Wednesday, December 08, 2010

DC is #51! (on tax subsidy disclosure)

Good Jobs First released a study comparing the 50 states plus the District of Columbia on online disclosure of information concerning companies receiving state and local tax breaks, cash grants and other subsidies for job creation. From the press release:

• Thirty-seven states provide online recipient disclosure for at least one key subsidy program.
• Based on our scoring system, the states with the best averages across their programs are: Illinois (82), Wisconsin (71), North Carolina (69) and Ohio (66).
• Thirteen states and the District of Columbia currently have no disclosure at all, although one of those states, Massachusetts, is slated to come online as enacted legislation takes effect. All our scoring is based on what was available online as of November 26, 2010.
• Since 2005, half a dozen states have enacted legislation mandating subsidy recipient reporting in one or more program, the most recent being Massachusetts. Several other states have moved toward transparency through administrative action alone.
• Four states provide recipient reporting for all the key programs we examined: Missouri, North Carolina, Ohio, and Wisconsin.
• Of the 245 programs we examined, 104 of them (42 percent) have online recipient reporting.
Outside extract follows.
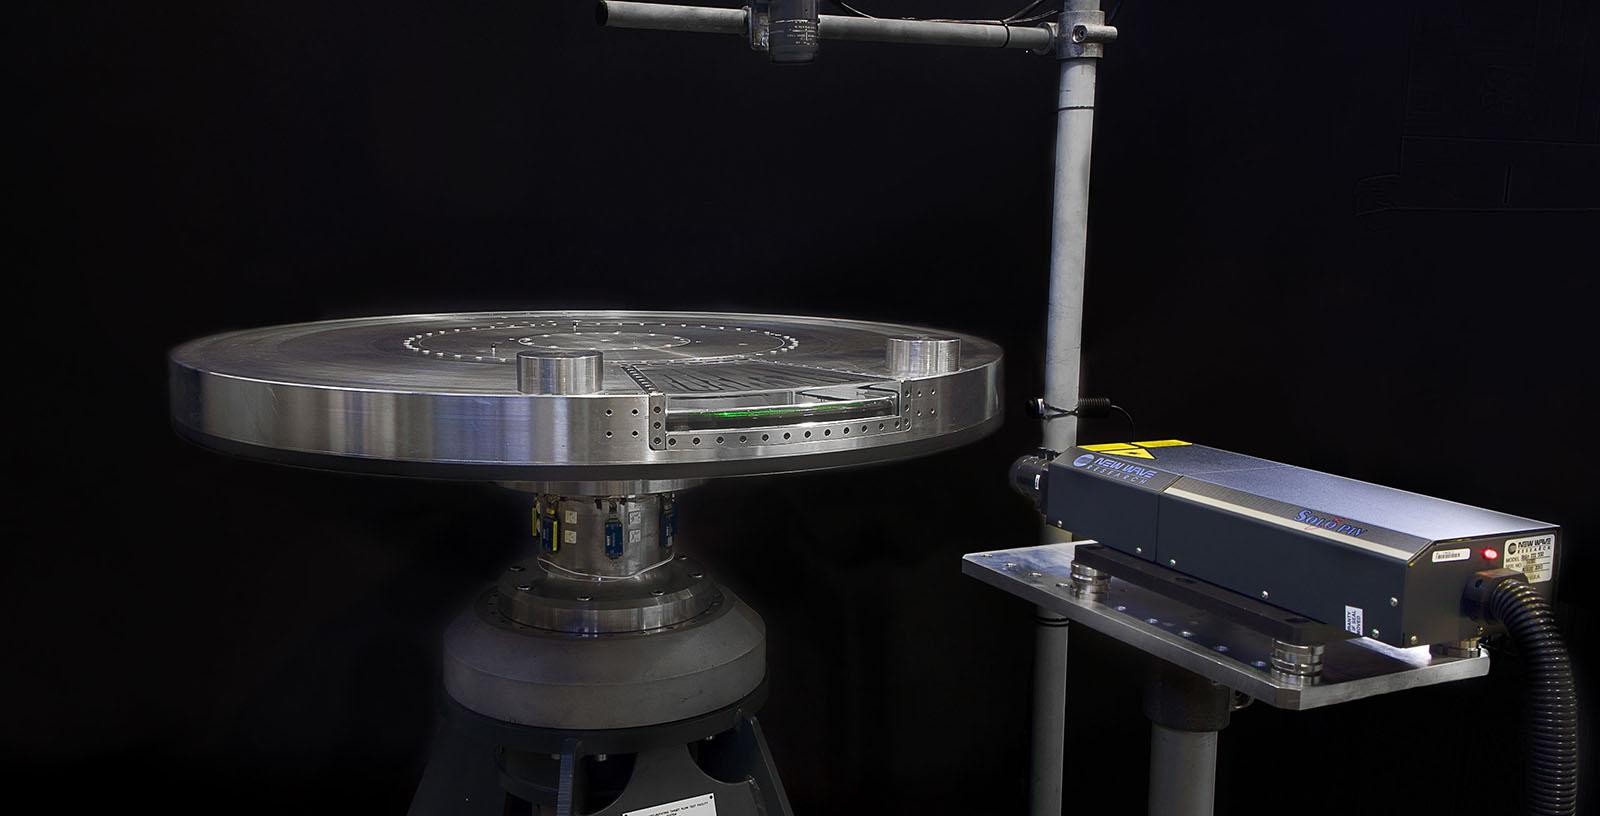 Rotating_Target_Flow_Test_Particle_Velocimetry_Bilbao_Idom_ADA__2_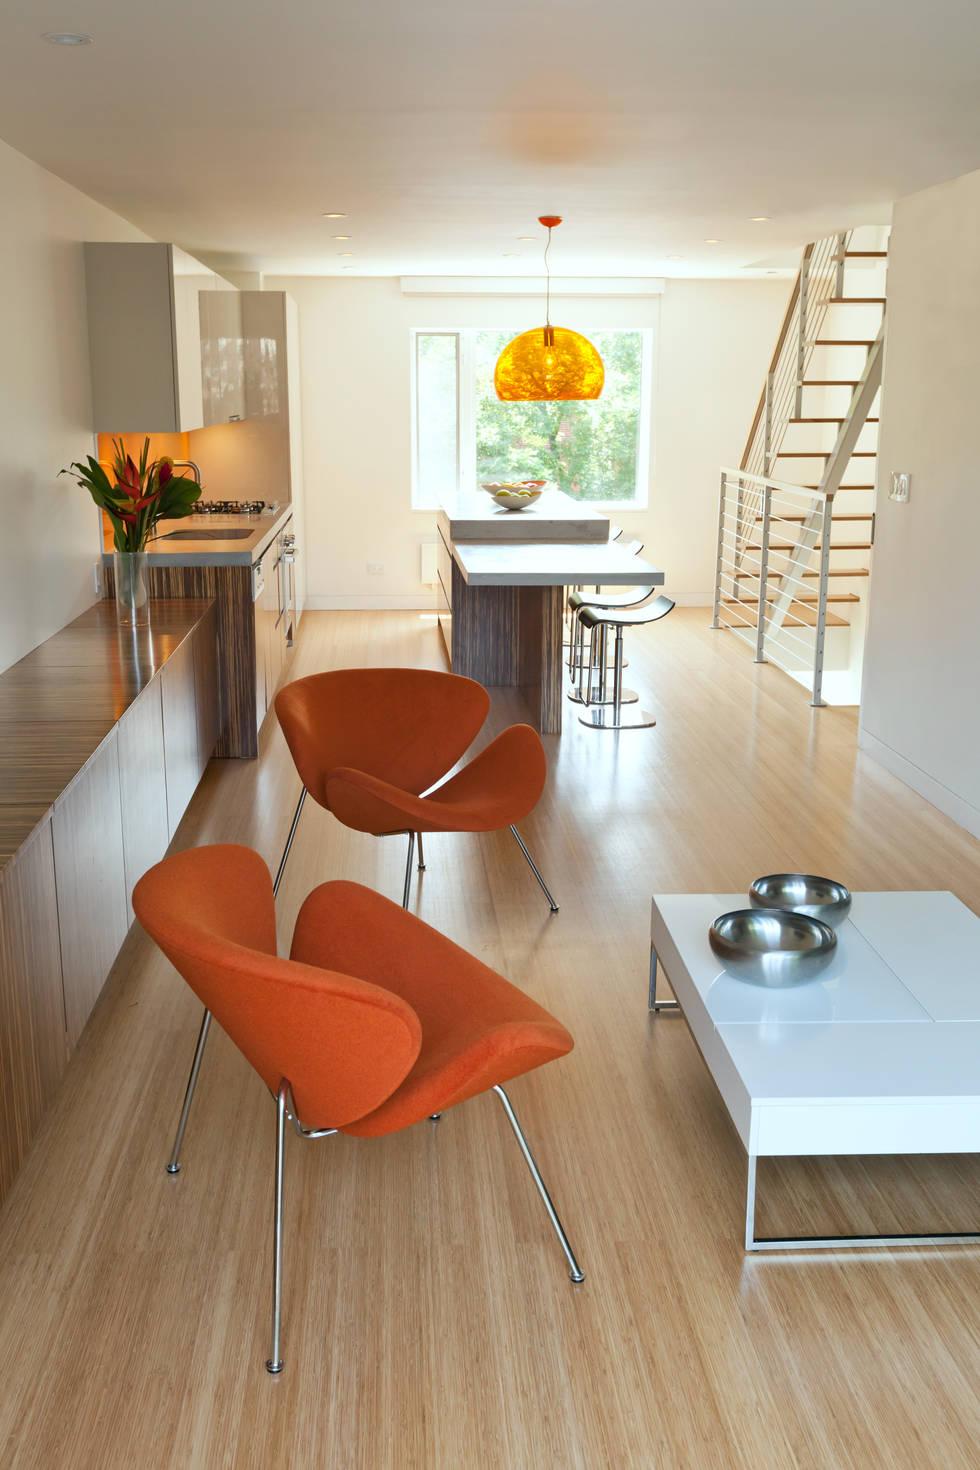 Living in NYC: A quick tour through a contemporary home

Maryland tied for 18th ("Maryland ranks poorly for tracking tax breaks" from the Baltimore Business Journal and Virginia tied for 25th.

DC and 13 other states have no requirements for disclosure.

-- full report
-- press release
-- DC appendices

Too often the city gets credit for online initiatives like website redesign and various Web 2.0 applications, while substantive failures to provide information (like this) more generally, or respond to FOIAs, isn't discussed all that much.